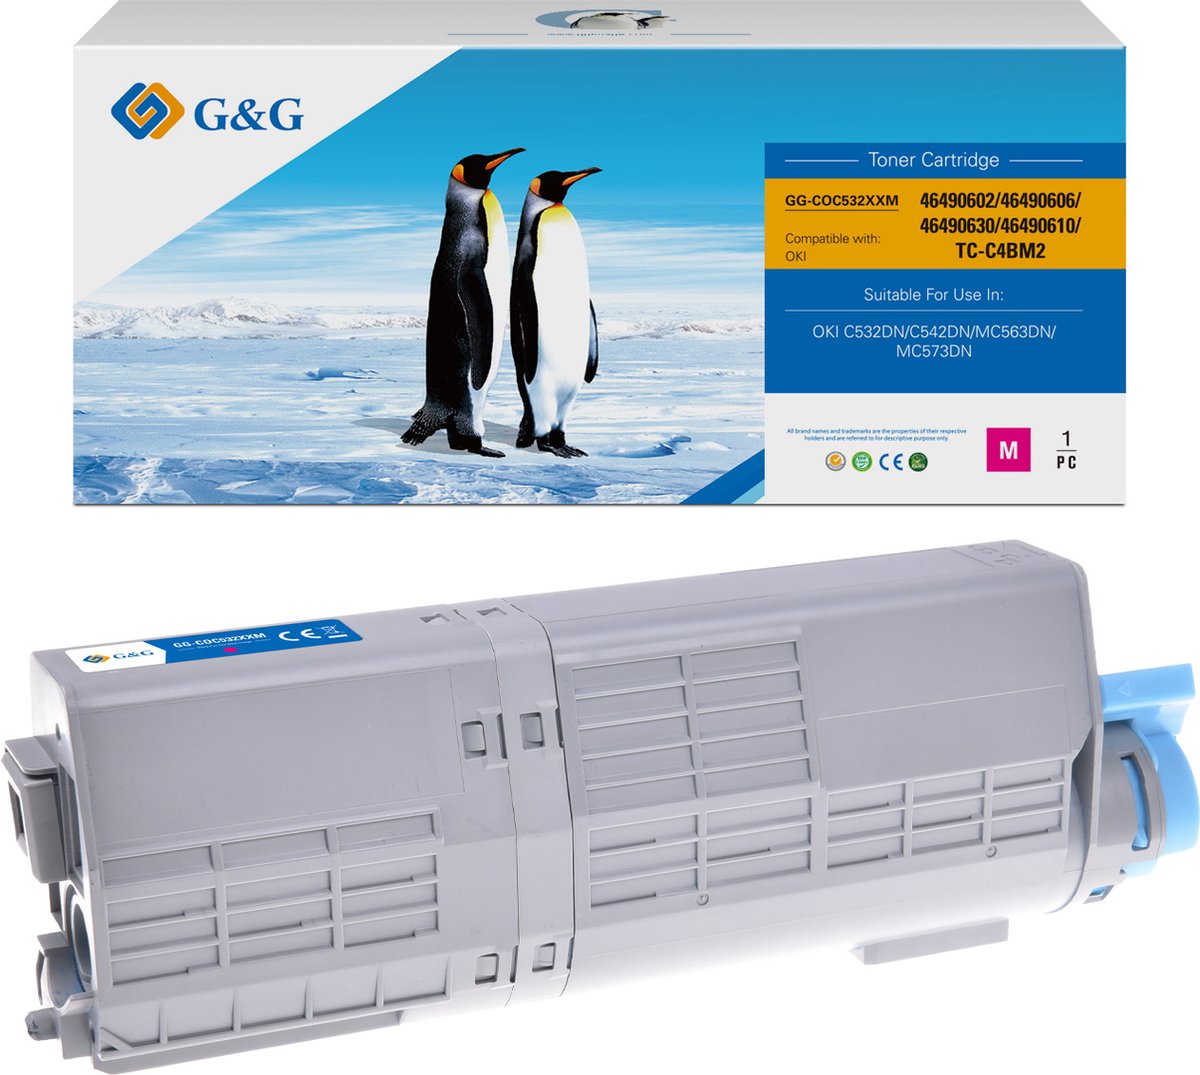 G&G XXL toner compatibel met OKI 46490606 / 46490402 Tonercartridge magenta Huismerk
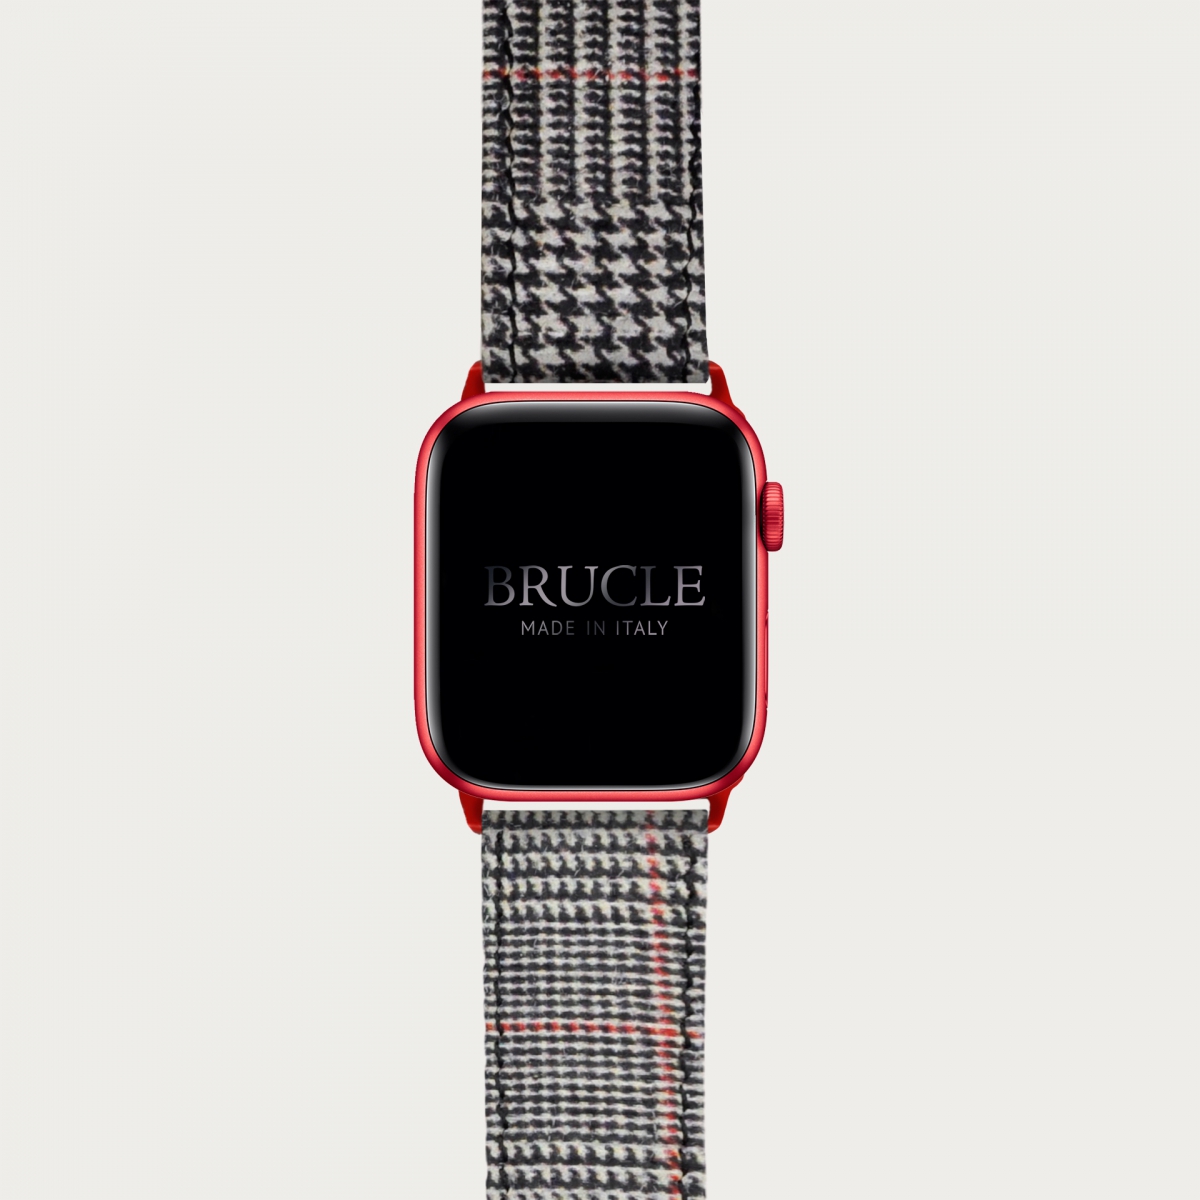 Brucle cinturino rosso in pelle stampa tartan per orologio, Compatibile con Apple Watch / Galaxy Samsung
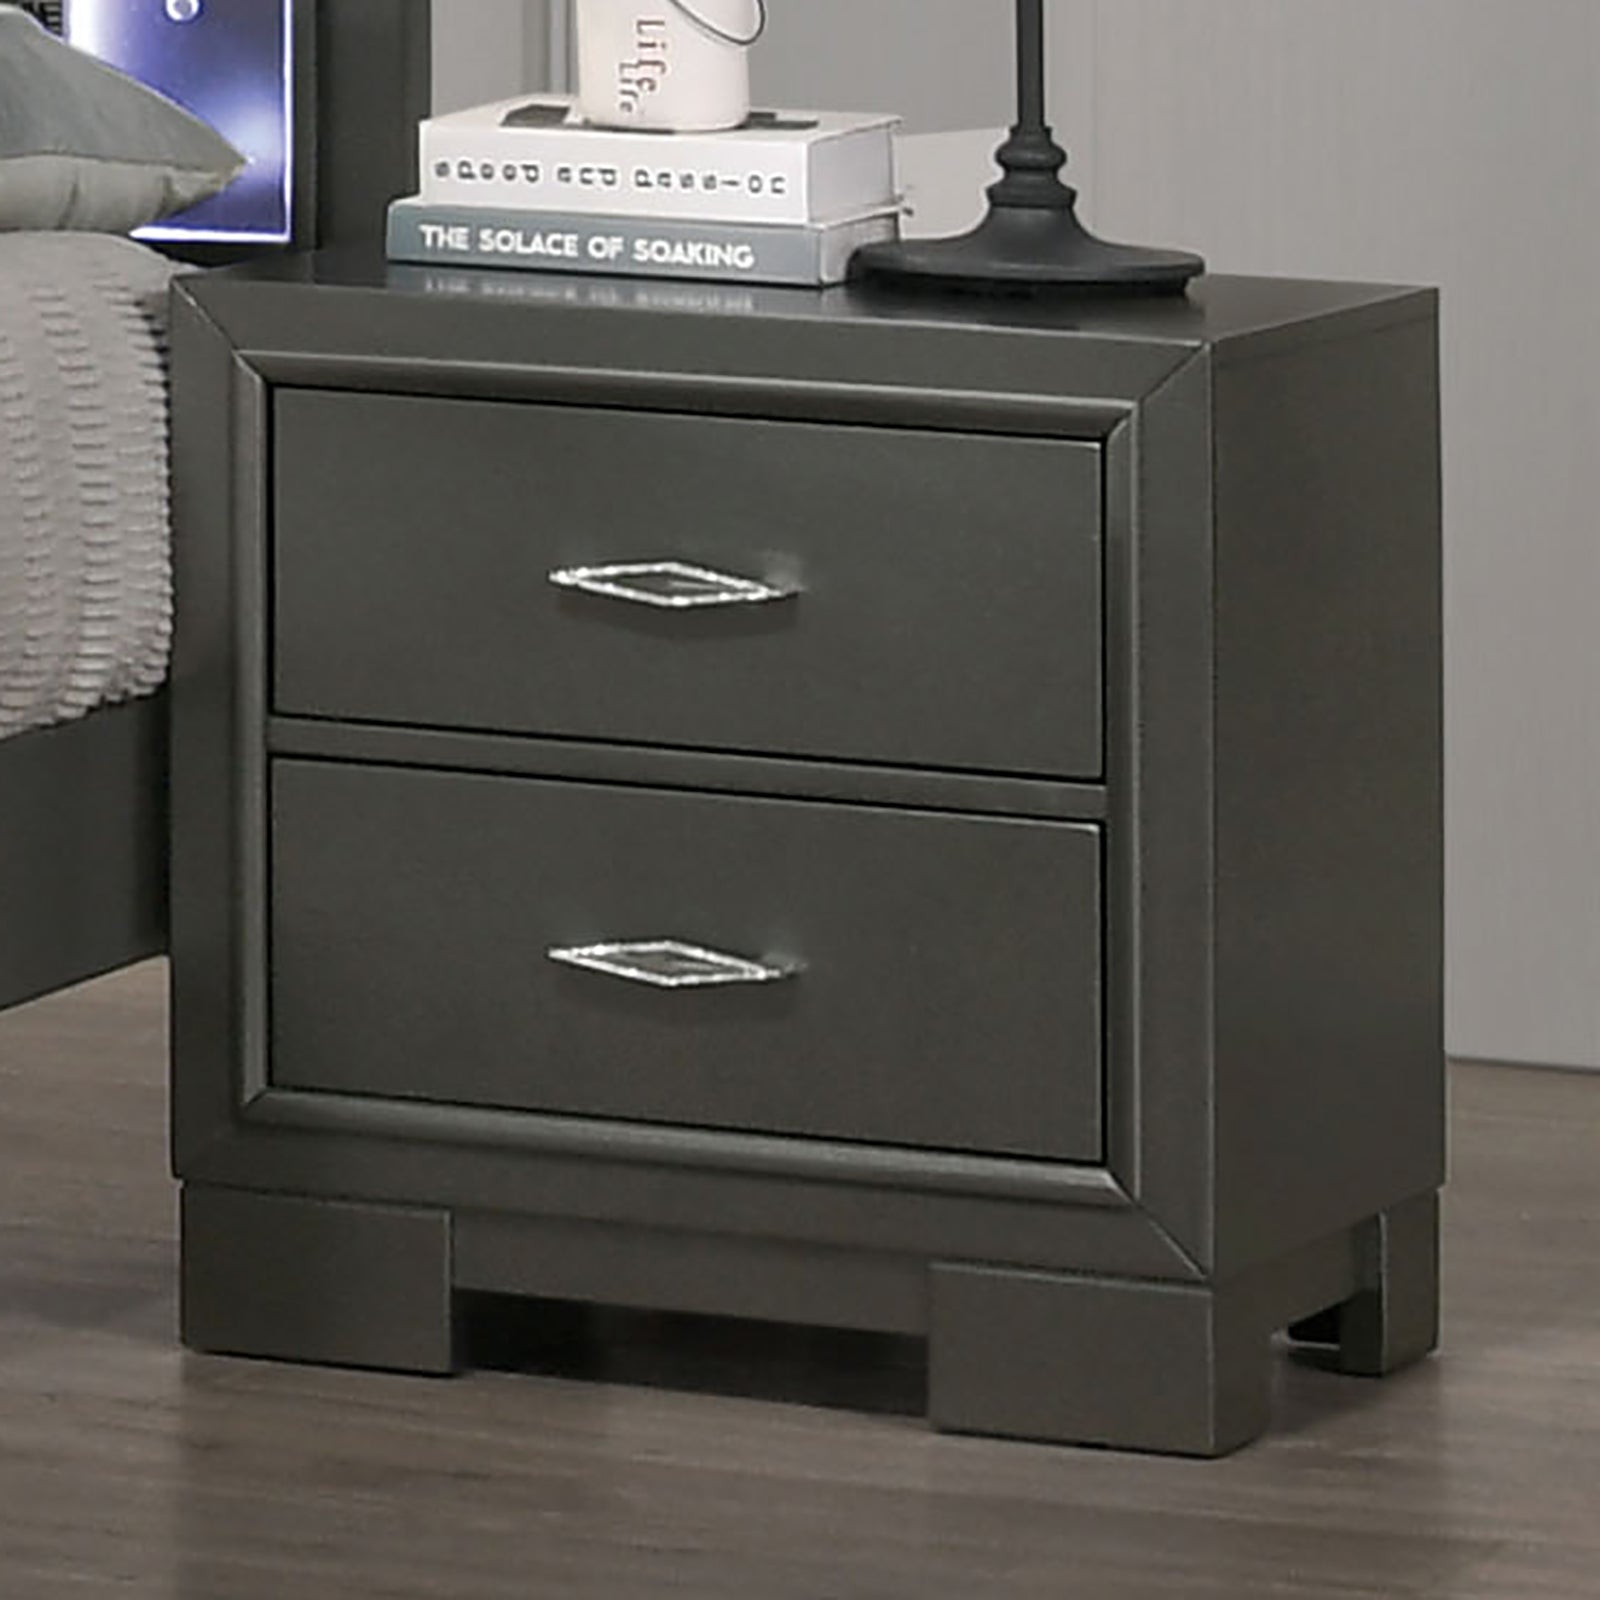 Metallic Gray Color Nightstand Bedroom 1pc Nightstand metallic grey-gray-2 drawers-bedroom-bedside

■ **TASK REQUIREMENTS**
Reproduce the full listing verbatim so that only the pictures are missing.

■ **REPLY TO THE TASK**
 G&G XXL toner compatibel met OKI 46490606 / 46490402 Tonercartridge magenta Huismerk
 Brucle cinturino rosso in pelle stampa tartan per orologio, Compatibile con Apple Watch / Galaxy Samsung
 Metallic Gray Color Nightstand Bedroom 1pc Nightstand metallic grey-gray-2 drawers-bedroom-bedside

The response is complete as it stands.